While blockchain is more involved than that, it is essentially a process of creating validated blocks (those “signed pieces of paper”) and then distributing them to a decentralized, public ledger (those “ten different coworkers”). So, not only does a bad actor have to compromise the integrity of one entry (which through the use of a cryptographic hash is not very easy to do), he or she would have to find and alter every copy of the entry. This makes blockchain ideal for any situation where being completely assured of the veracity of data is essential.
Let’s Get Geeky
A block consists of a chain of validated transactions that are hashed and encoded into a Merkle tree. Each block uses a cryptographic hash of the prior block in the blockchain. This binds blocks together in such a way that altering one block invalidates the binding and thereby, the validity of the chain.
Another layer of integrity is added when storage of the blocks is decentralized. Instead of one single copy of the data, blocks are replicated across multiple servers. Every server that holds a block must approve any changes to the chain. If a change is not approved, the transaction is denied and truth wins out.
This decentralization means that no “official” copy of the data exists and no single copy is trusted more than any other. Not only does this make hacking significantly harder, it eliminates the problem of a single point of failure.
Pictorially, a blockchain transaction looks like this:
Notice how the network of blockchain servers is accessed when a chain is queried and when a new block is inserted.
Making it Real
I live in the world of communications, so I tend to look at everything from that standpoint. My first reaction to blockchain was, “Where would I use that in my Avaya, Cisco, NEC, Mitel, etc. system?” Is my configuration data begging for this technology? Would I use blockchain to log into a SIP phone? Do I need this level of security when I make a video call?
Clearly, these bread and butter “PBX” scenarios aren’t a very good fit.
However, when I turn my attention to contact centers and those elements of communication that involve customer relationships, it starts to make sense. I can clearly envision how blockchain could be used to properly identify a customer while properly securing his or her interactions and transactions. I can also see how it would be useful in monitoring and acting upon trends gathered from multiple sources. Knowing that my data is 100% trustable can make the difference between right and very wrong choices.
A Solution Looking for a Problem
As the psychologist Abraham Maslow famously said in 1966, "I suppose it is tempting, if the only tool you have is a hammer, to treat everything as if it were a nail." Here in 2018, it’s easy to apply that thought to blockchain.

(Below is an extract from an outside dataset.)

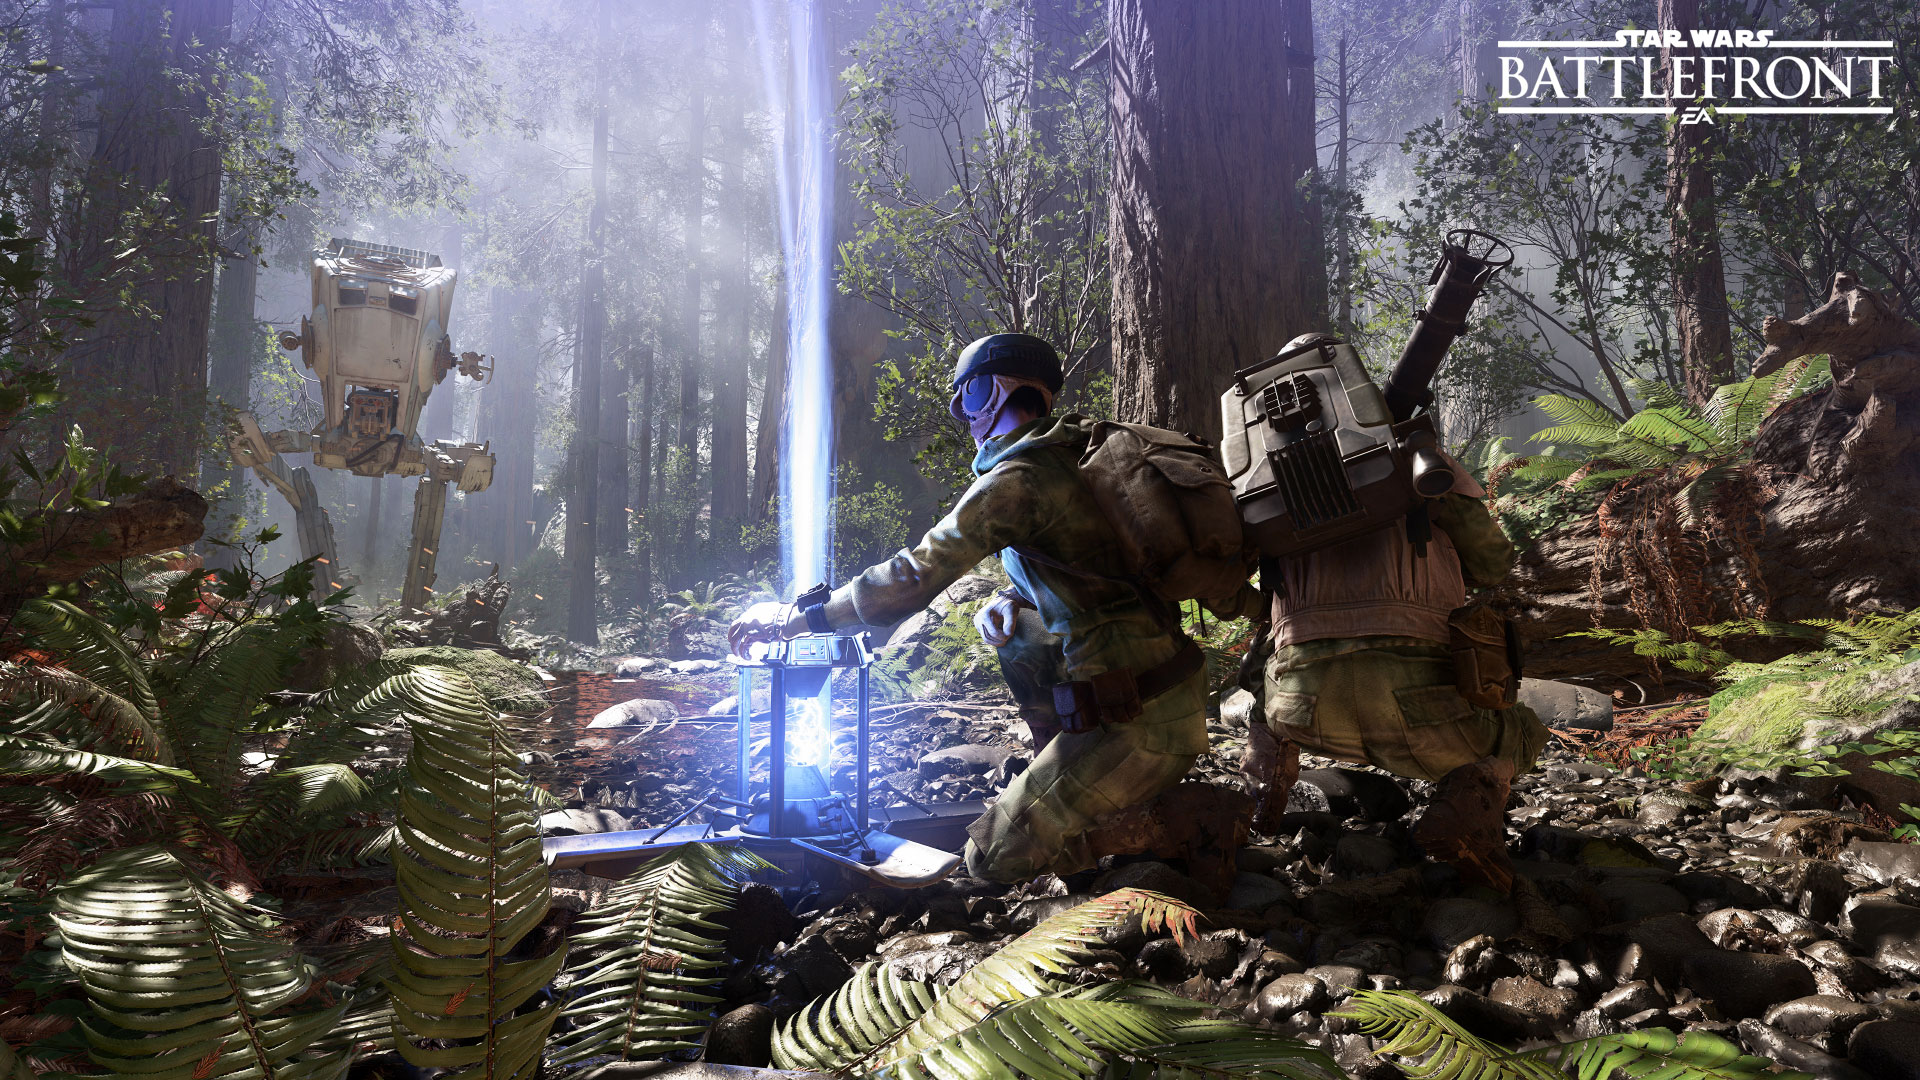 New “Star Wars Battlefront” Info Coming Soon - Lando and Dengar Arriving As Heroes

As secure as it makes data storage and retrieval, it comes with a price. In fact, it comes with several prices–performance issues, implementation complexity, a lack of immutability, the potential for restrictive regulation, and reliance upon widespread adoption.
Blockchain is a relatively new technology and while the buzz is currently very high, buzz is never a solution. That’s not to say that enterprises should not be looking at blockchain, but they shouldn’t approach it wearing rose colored glasses. The trick will be to properly identify the problem(s) you are trying to solve and lay all the “right” choices on the table. Remember, just because you can doesn’t mean that you should.
I have only scratched the surface of what blockchain is and how you need to look at it. If this is of interest to you (and it most likely should be), I highly suggest that you poke around the Internet for longer and more in-depth discussions. Don’t be blinded by the blockchain hype, but at the same time, don’t be ignorant of what might be a truly revolutionary technology.